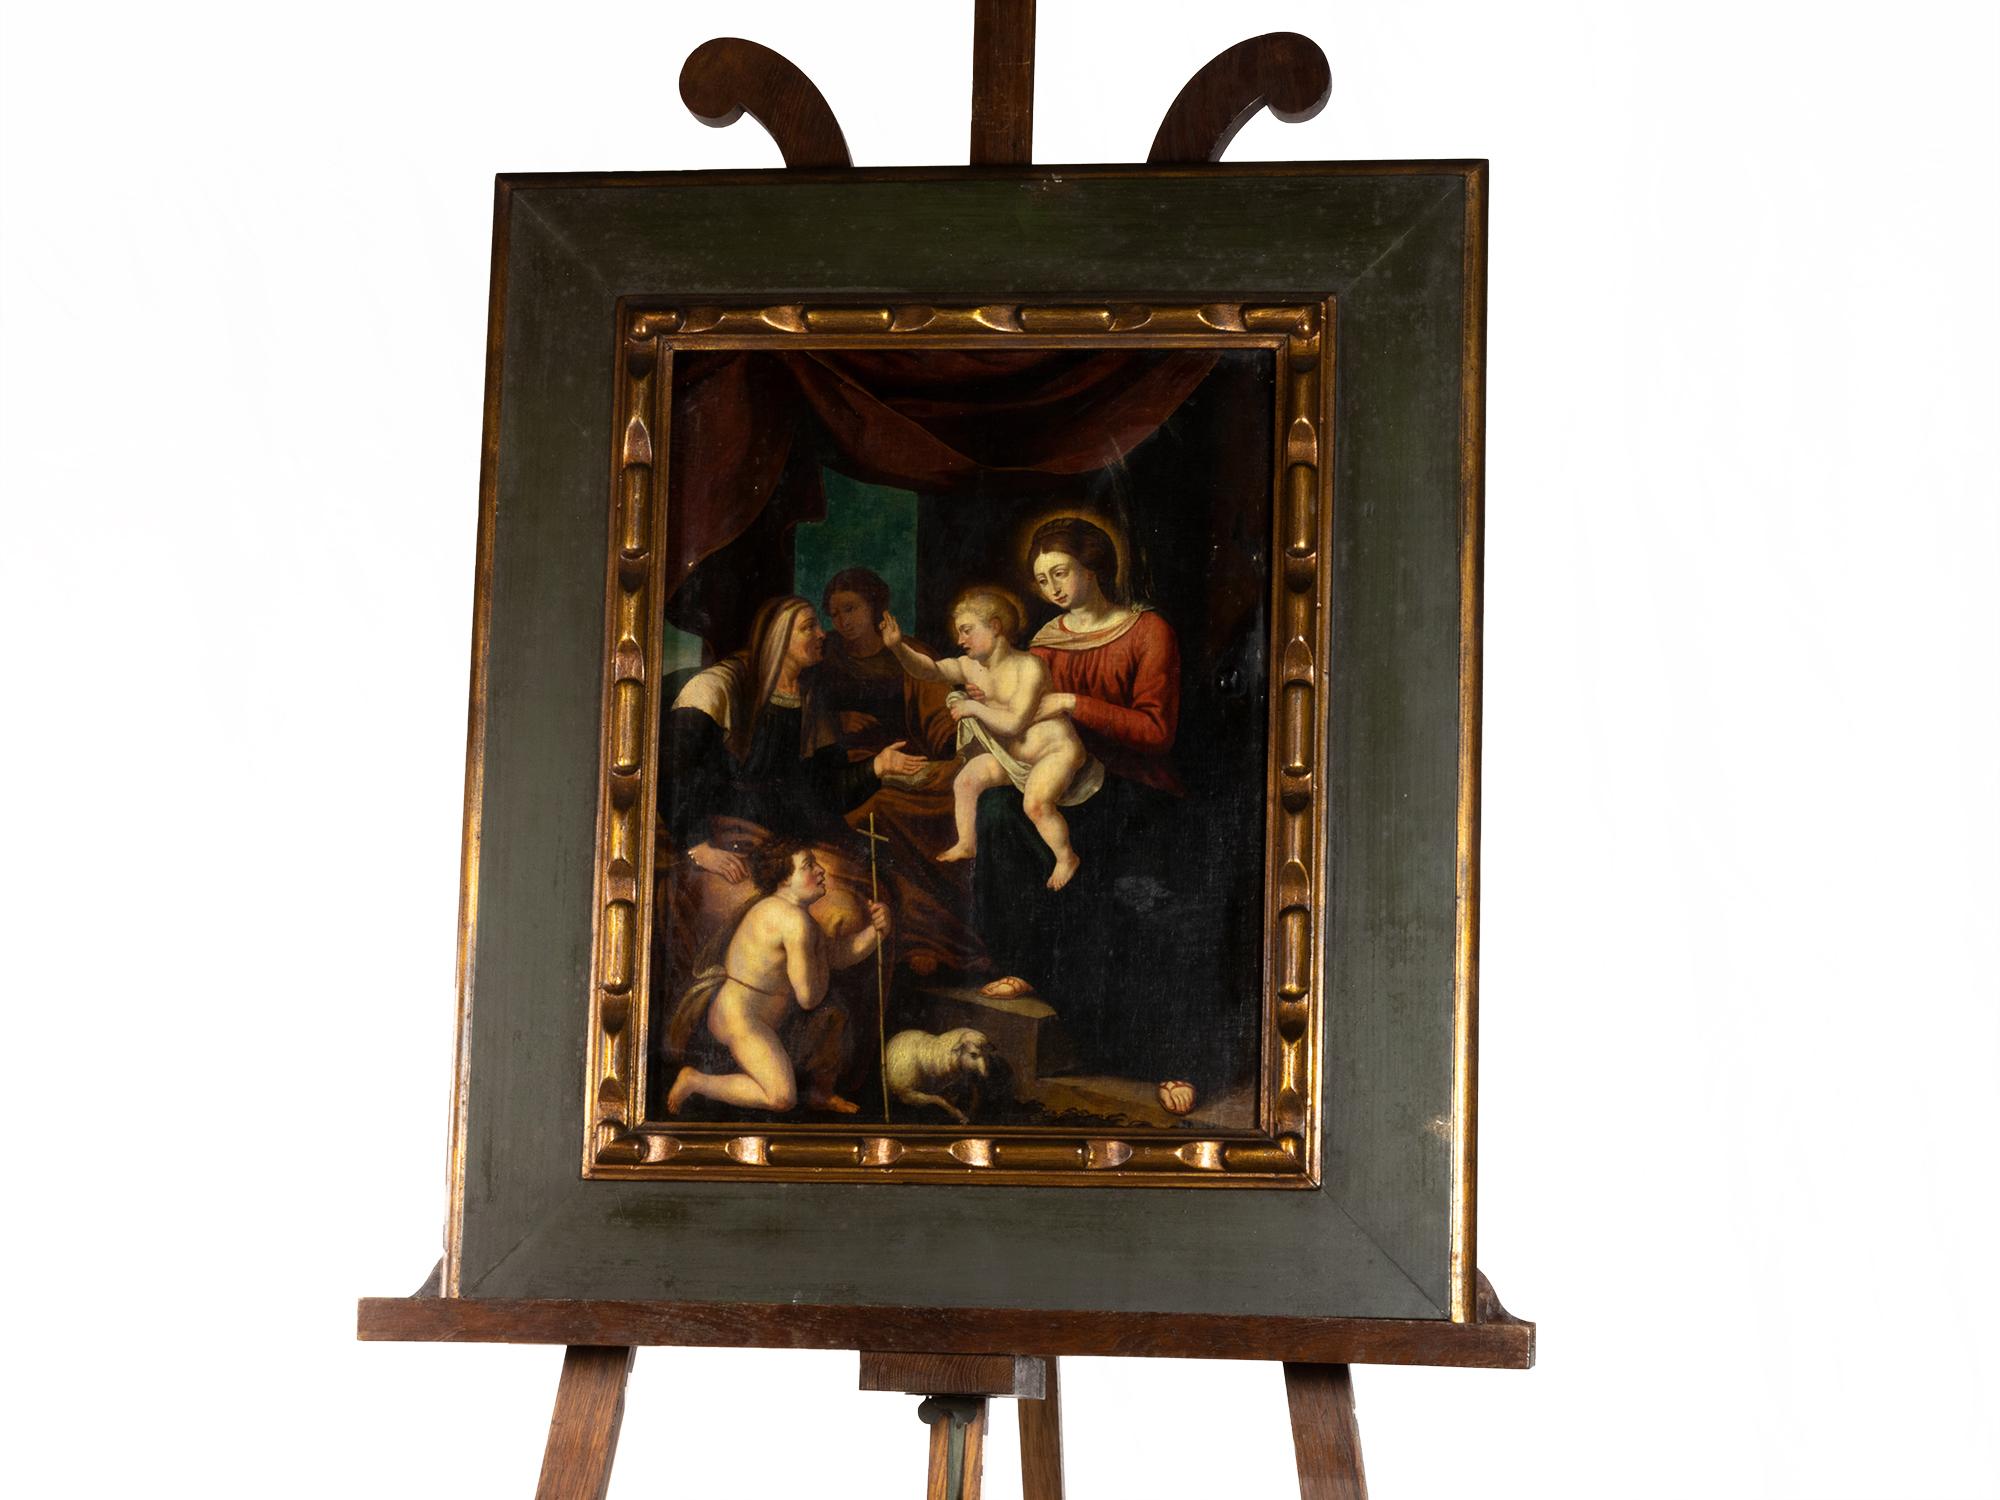 A Flemish School painting of the Adoration of the Child Jesus in the hands of Mary and a young Saint John the Baptist at his feet kneeling with the cross side by side with a resting lamb of God. 

Frame 63 x 73 cm 
Without frame: 41 x 55 cm

Matthew

# # # # #

-- Exercise details --
The expected output is the material above, repeated exactly and free of pictures.

-- Response to the task --
 A Flemish School painting of the Adoration of the Child Jesus in the hands of Mary and a young Saint John the Baptist at his feet kneeling with the cross side by side with a resting lamb of God. 

Frame 63 x 73 cm 
Without frame: 41 x 55 cm

Matthew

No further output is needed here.